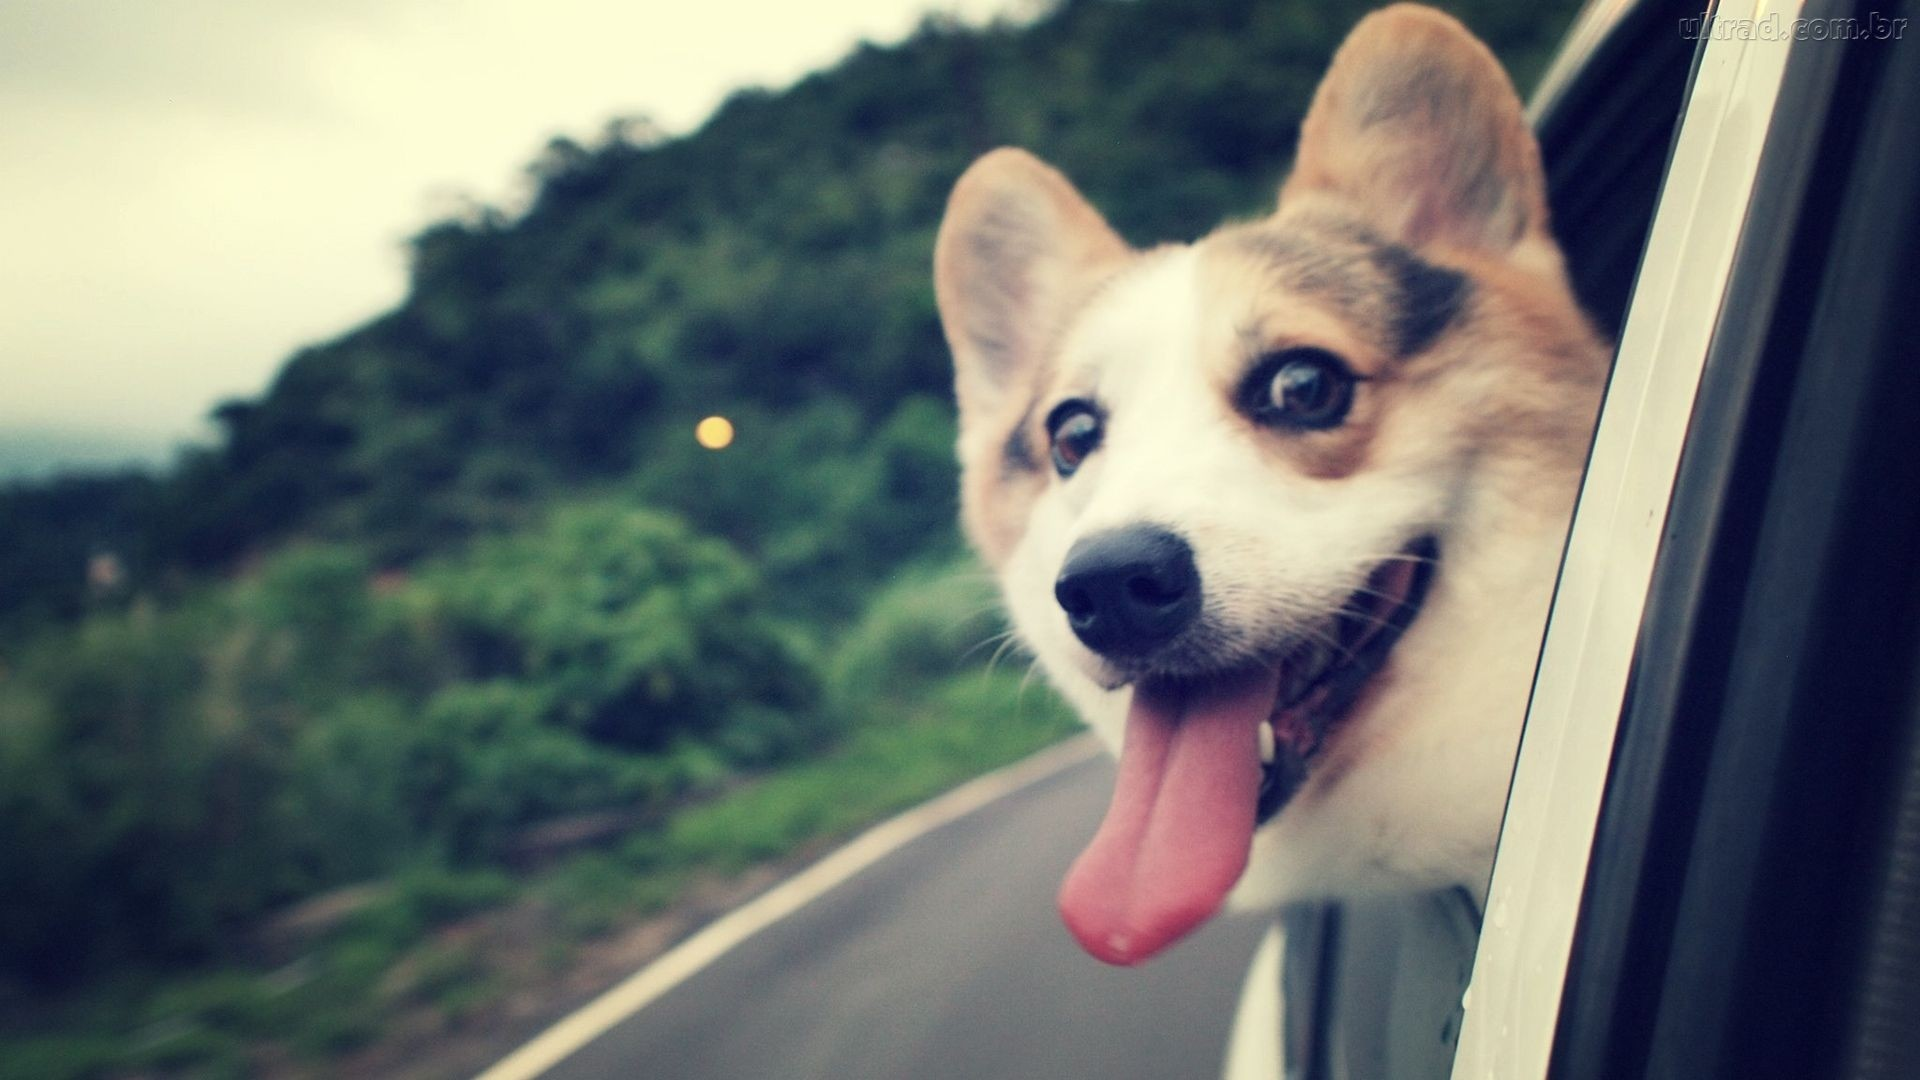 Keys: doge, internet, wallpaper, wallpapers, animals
* * *
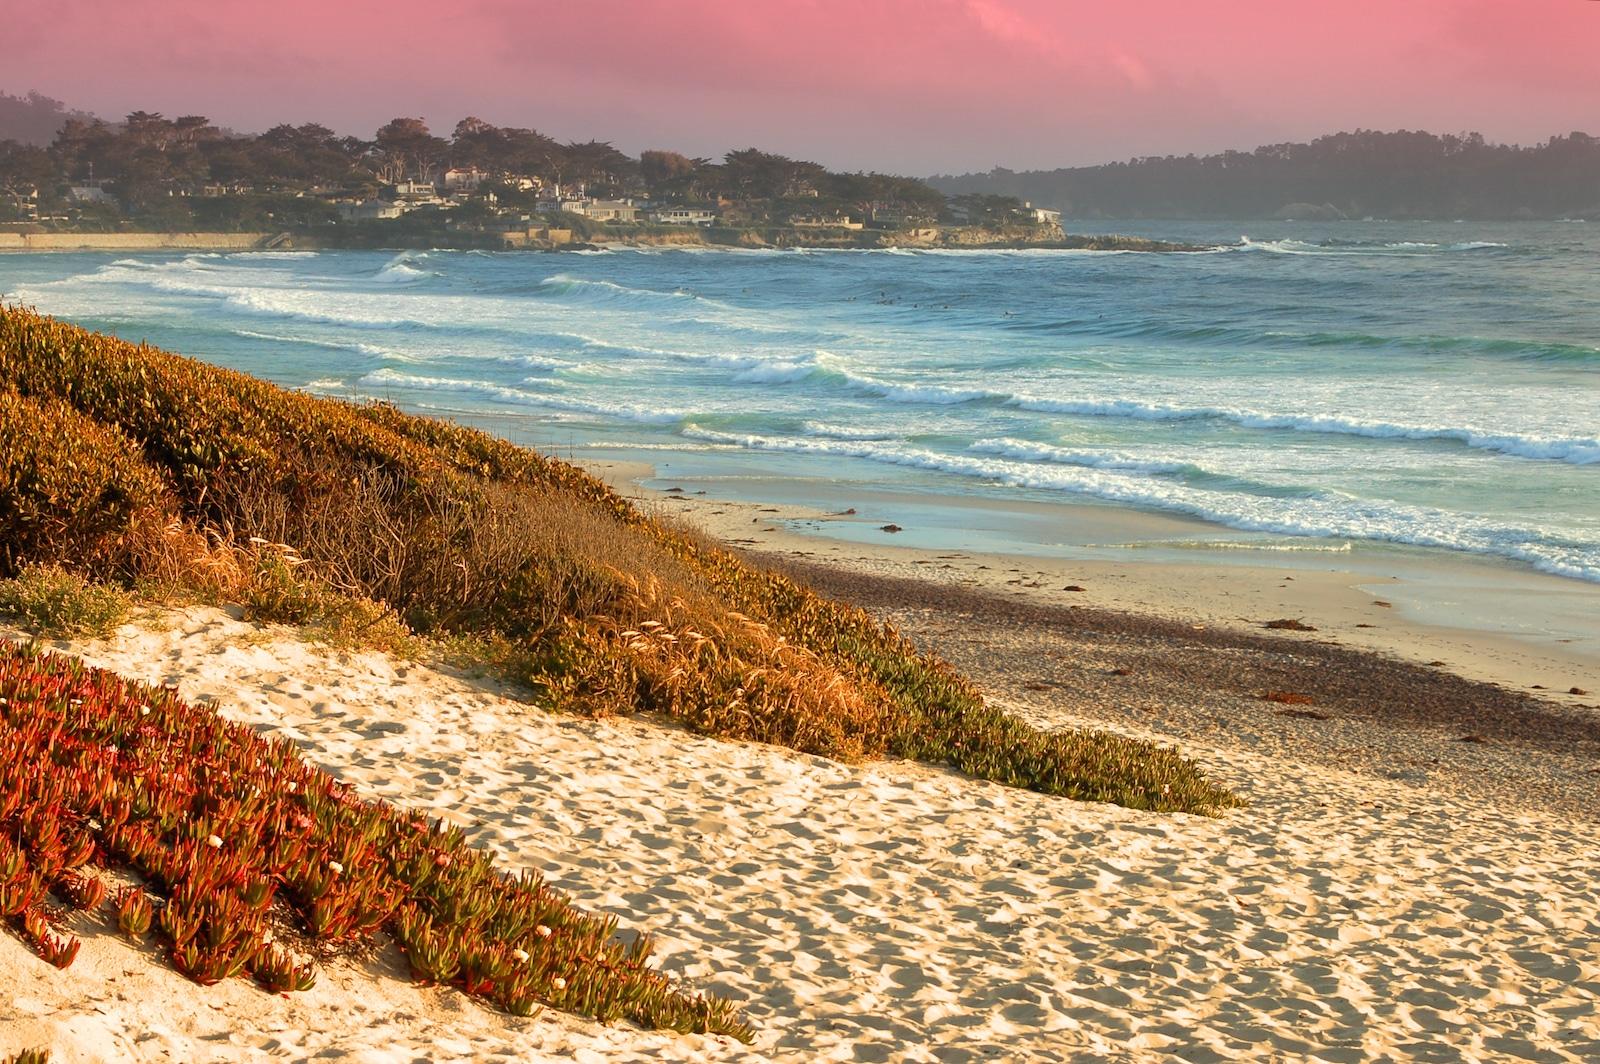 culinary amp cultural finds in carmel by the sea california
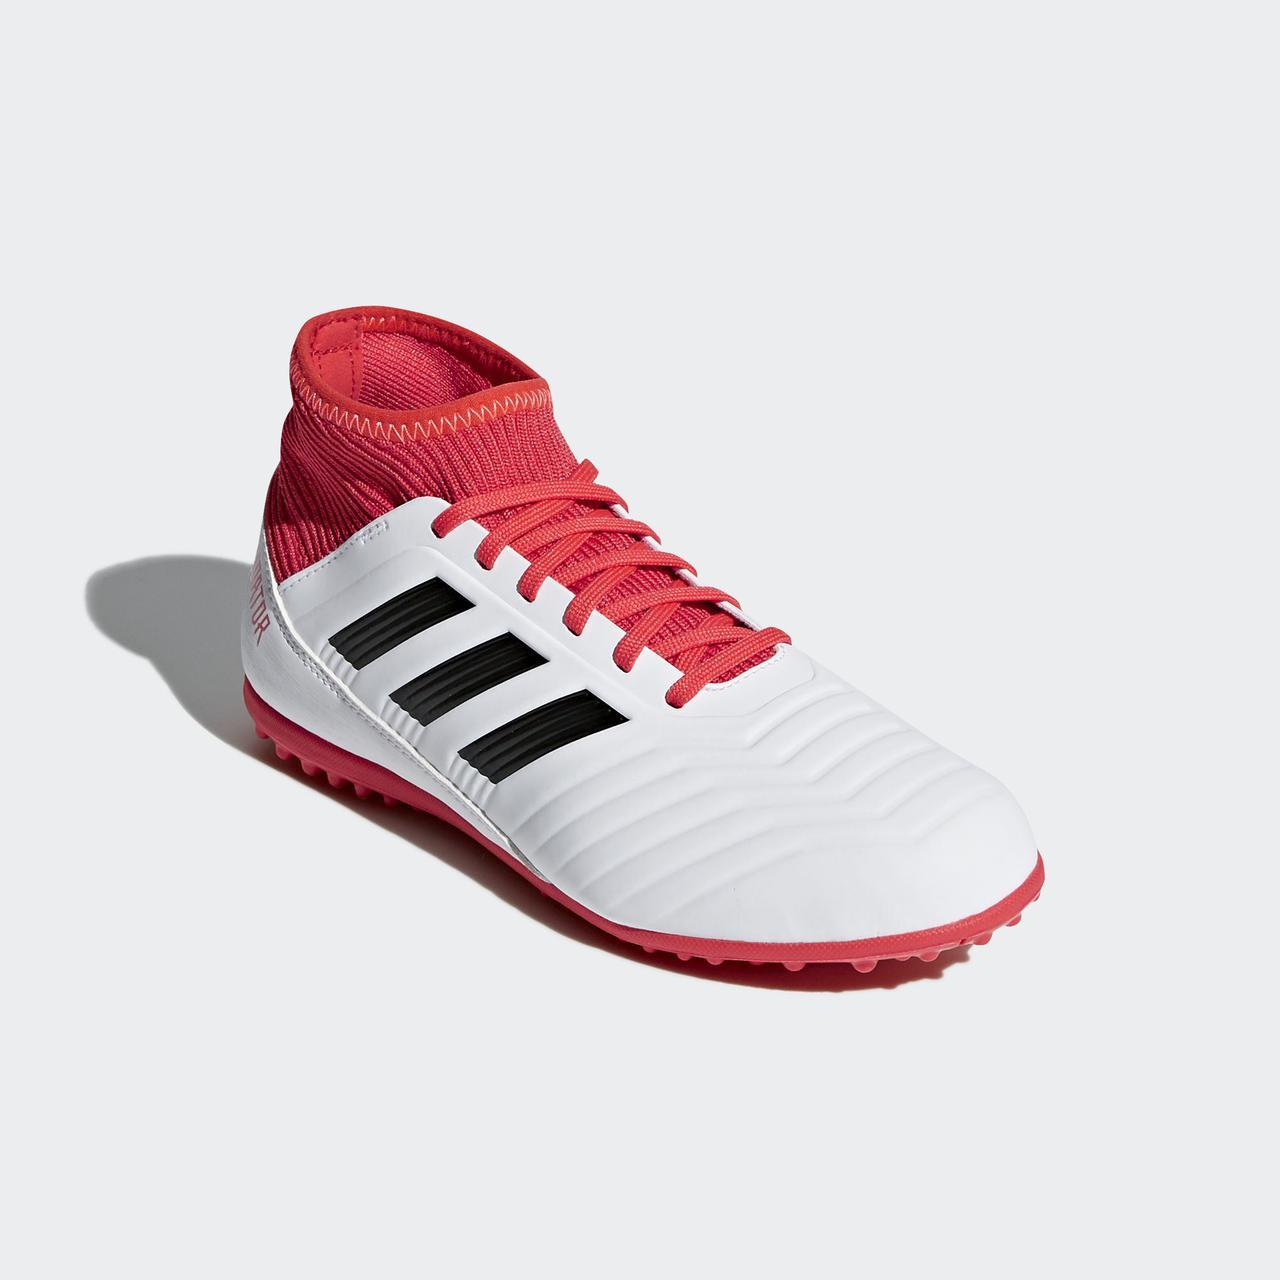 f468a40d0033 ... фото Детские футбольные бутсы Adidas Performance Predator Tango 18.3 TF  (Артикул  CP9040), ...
* * *
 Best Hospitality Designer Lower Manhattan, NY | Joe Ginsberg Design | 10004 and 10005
* * *
WHAT TO WORK ON.
Once the line with "culinary amp cultural" is found above, print it and every line after it through the line with "f468a40d0033 ... фото", exactly. Pictures stay out.

RESULT.
 culinary amp cultural finds in carmel by the sea california
 f468a40d0033 ... фото Детские футбольные бутсы Adidas Performance Predator Tango 18.3 TF  (Артикул  CP9040), ...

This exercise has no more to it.